Assigned task:
Look below for the line holding "Salon La Vie, LLC" and the line holding "Bild 2 aus 3". Transcribe exactly those lines and all lines between them, nothing more.

Stored data:
────
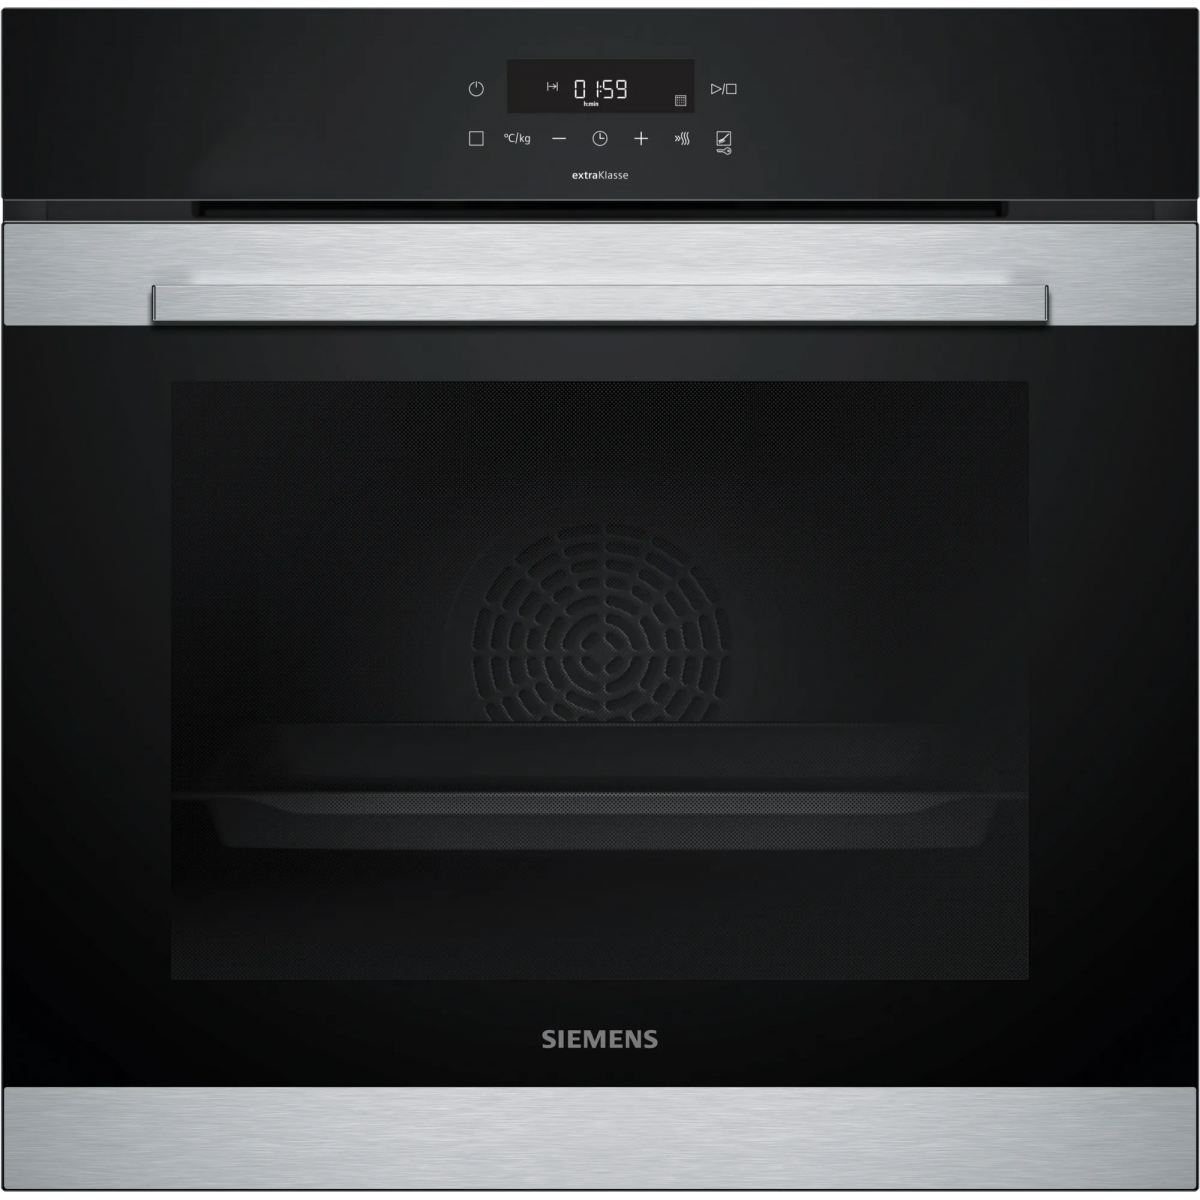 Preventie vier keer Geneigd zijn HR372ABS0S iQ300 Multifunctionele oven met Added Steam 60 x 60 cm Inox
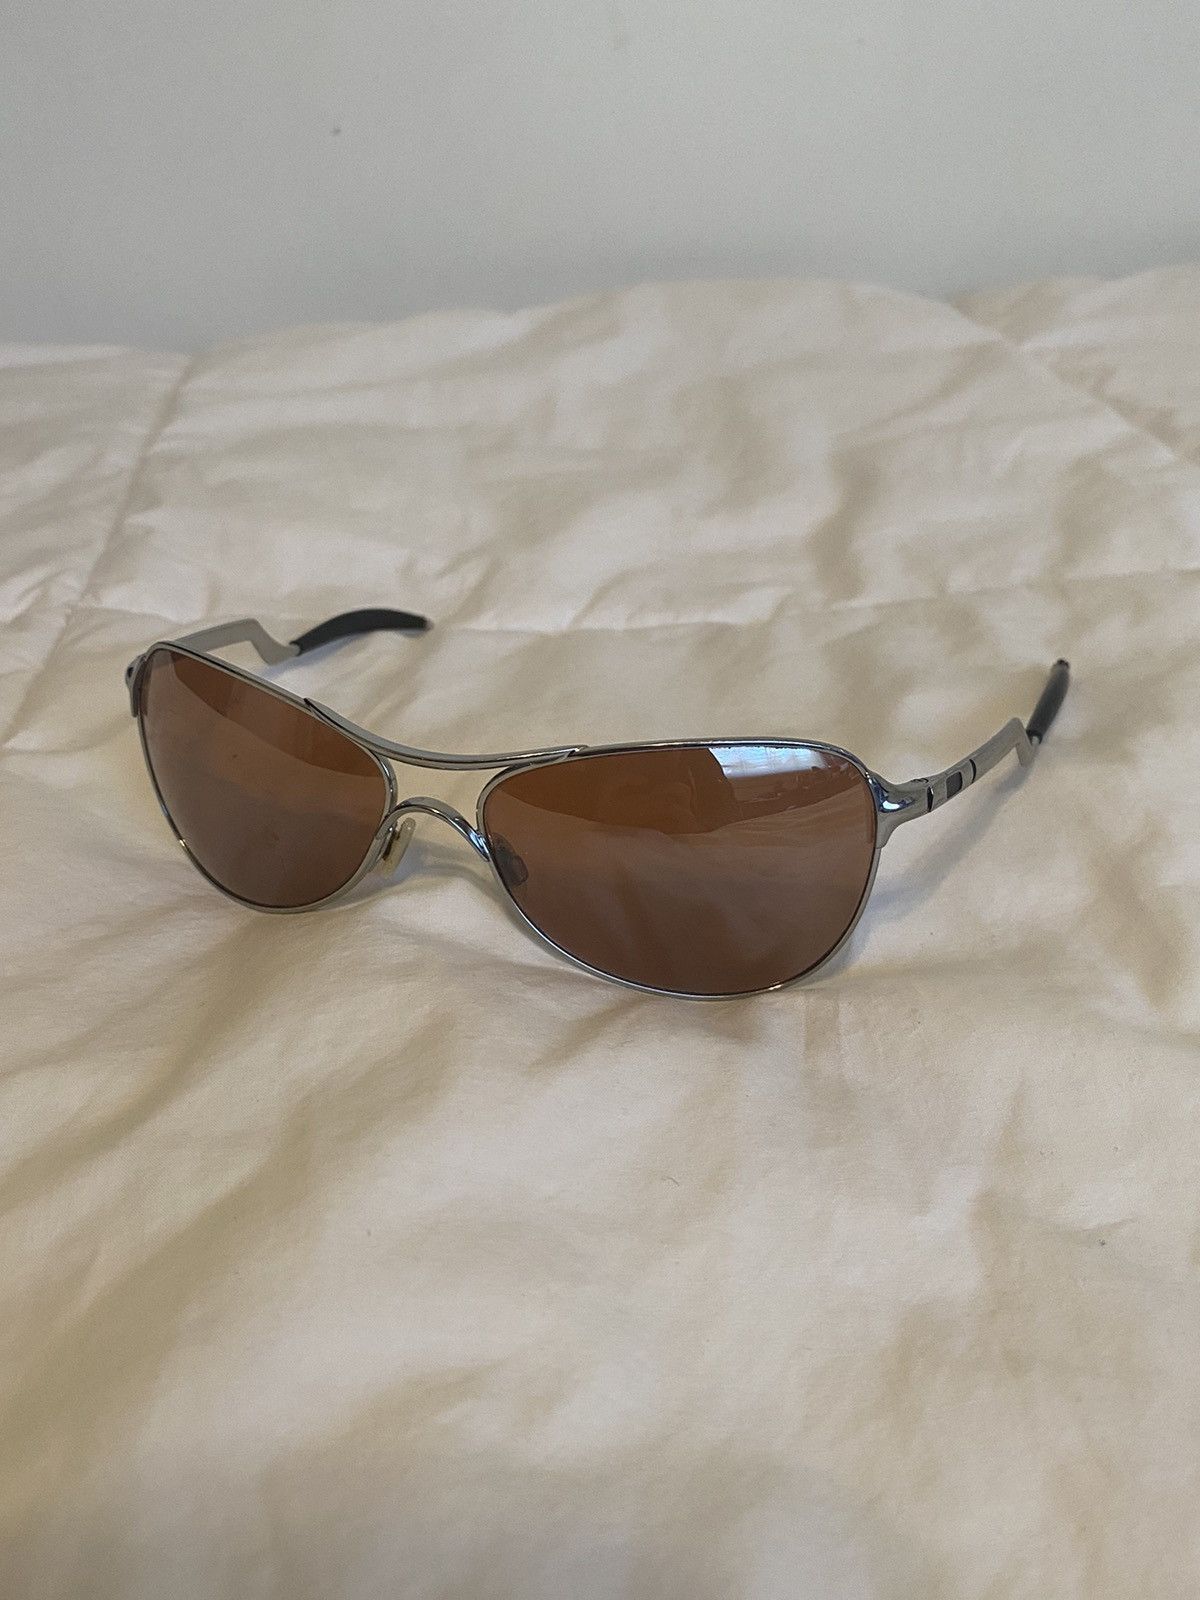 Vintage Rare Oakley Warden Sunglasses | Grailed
────
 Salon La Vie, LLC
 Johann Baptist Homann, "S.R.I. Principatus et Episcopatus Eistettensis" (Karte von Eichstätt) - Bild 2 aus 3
────
Finished task:
 Salon La Vie, LLC
 Johann Baptist Homann, "S.R.I. Principatus et Episcopatus Eistettensis" (Karte von Eichstätt) - Bild 2 aus 3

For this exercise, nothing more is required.